Парашютизм — полезное всемирное занятие, пока не уподобляется амоку, как у нас в тридцатые годы. Тогда это стало таким же помешательством власти, перекинувшимся на замороченный народ, как позже первая очередь метро, стрелковые кружки, МОПР, ударничество, стахановское движение, нормы ГТО, четвертая глава, борьба с космополитизмом и прочие мании Сталина, превращающиеся во всеобщее безумие.

Долгое и бессмысленное болтание между небом и землей — нечто вроде перекура, и Платонов реализует метафору, добиваясь компрометирующего эффекта. Лев Толстой говорил: надо хорошо жить на земле, а не плохо летать в небе. Женщине надо осуществлять свое предназначение деятельной любви, выращивания нового человеческого существа, а не висеть на стропах.

Завершается трагикомический эпизод с глубокой серьезностью, достойной пилота-писателя Сент-Экзюпери: Москва прославилась (глупой славой), но из авиации ее отчислили, ибо воздухофлот — скромность, а она — роскошь.

С удивительного небесного факела началось незаметное разрушение едва забрезжившего прелестью образа Москвы — нравственное и физическое, превратившее цветущую девушку в Бабу Ягу — Костяную Ногу. Кстати, описывая ее внешность, Платонов с видом простодушного восхищения говорит о ее юной «опухлости». Выражение «пухленькая» передает миловидность девушки, но «опухлость» — это для утопленницы. Жесток Андрей Платонович к светлой комсомольской юности!

«Счастливая Москва», роман безмерного разочарования, начинался в одном мирочувствовании, еще во власти каких-то надежд, иллюзий и несомненного желания выжить, а завершался в состоянии, близком к отчаянию, что вполне соответствует датам его написания 1932–1936. Когда Платонов достал свою амбарную книгу, уже был разгромлен «Впрок», но ему казалось, что он еще держится на плоту Медузы, идущем к берегу спасения. Последние строчки писались в дни нового апокалипсиса, ибо, вопреки бытующему ныне мнению, обвальные репрессии начались не в тридцать седьмом, а на полгода раньше…

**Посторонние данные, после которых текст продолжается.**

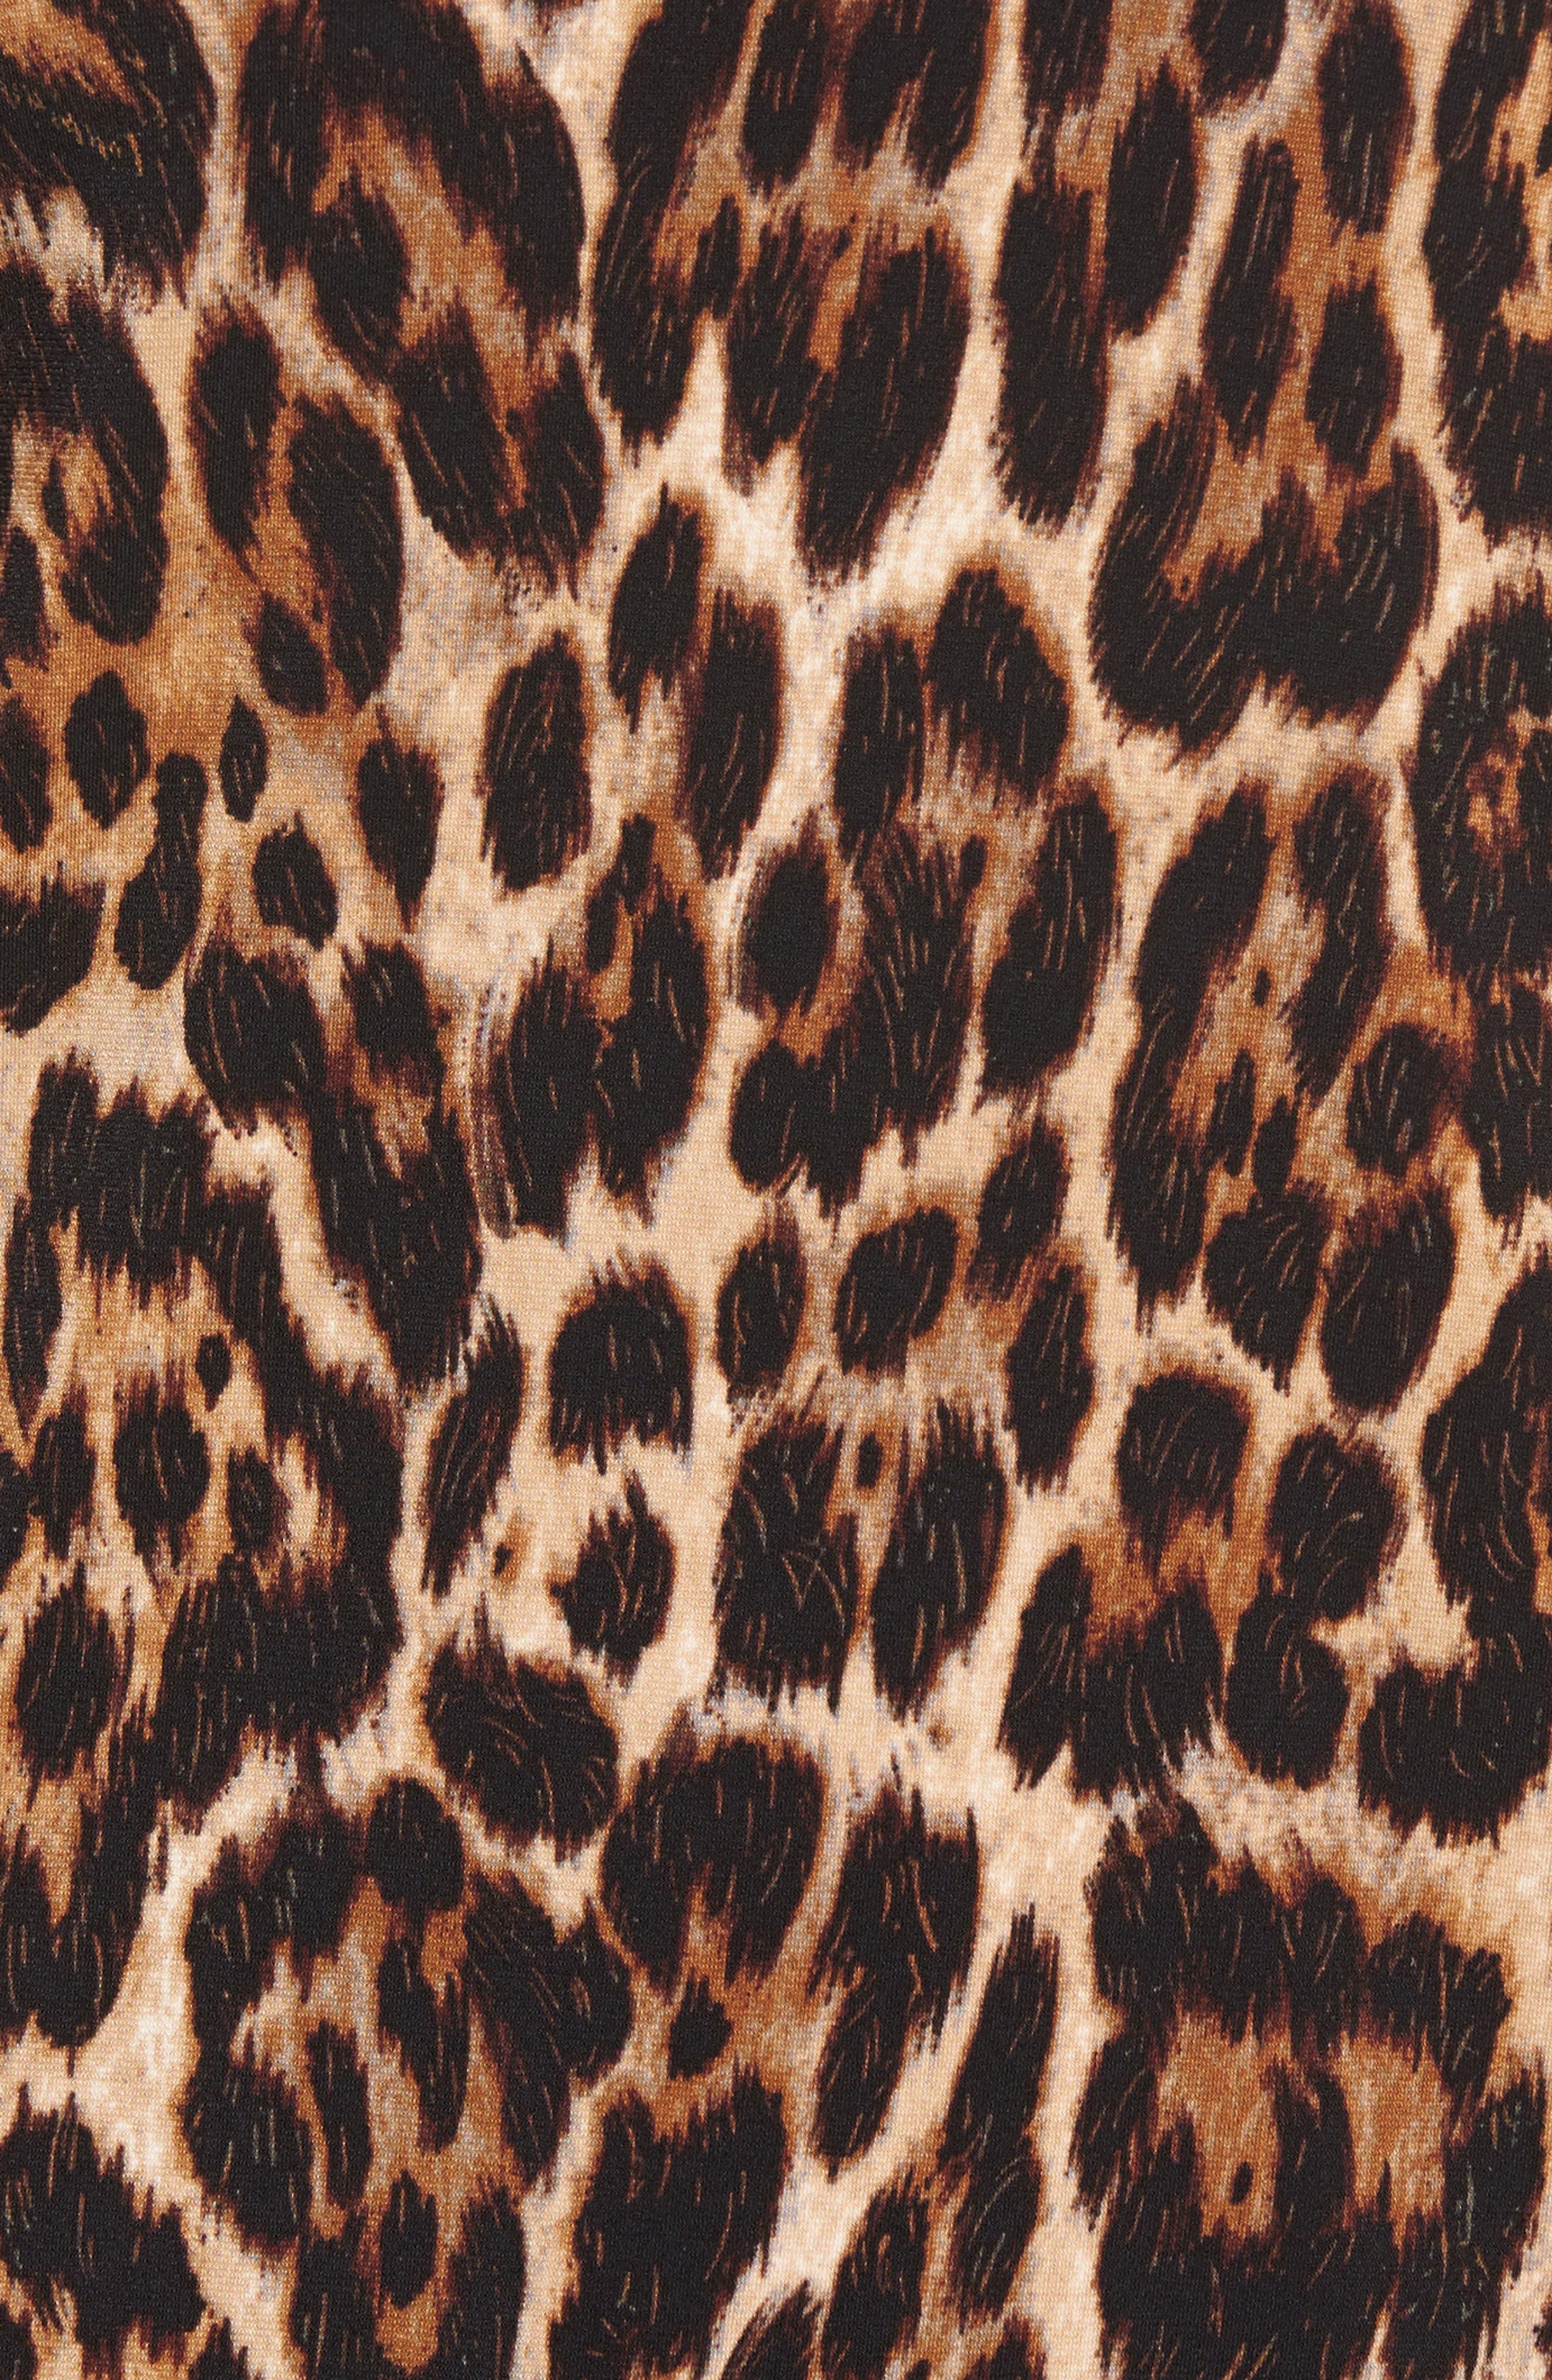 Leopard Print Pleat V-Neck Top,                             Alternate thumbnail 5, color,                             Baton Combo

«Опухлая» Москва как-то печально, без всяких усилий завораживает всех персонажей мужского рода: и кроткого духом Божко, геометра, городского землеустроителя, утратившего последние черты личности в социалистическом радении, и жутковатого, со сдвинутой психикой хирурга-прозектора Самбикина, и гениального изобретателя Сарториуса, пропавшего от любви, и вневойсковика-паразита, страшненького Комягина, и каких-то случайных зашельцев в роман. И с каждым она спит — с кем на койке, с кем во влажной землеройной яме, с кем в опрятной курортной постели: ей это безразлично, как и то, с кем спать. Настолько все равно, что, уже став калекой — ногу потеряла в шахте Метростроя, — она, отлюбив прооперировавшего ее Самбикина, уходит на протезе к вневойсковику Комягину, становится его женой, но, поругавшись, сгоняет сожителя на пол и пускает к себе притащившегося откуда-то Сарториуса; утром же, забыв о еще не ушедшем Сарториусе, вновь принимает под бок замерзшего на полу Комягина. И все это без психологии и чувства, так же просто и равнодушно, как земля принимает дождь, град, снег.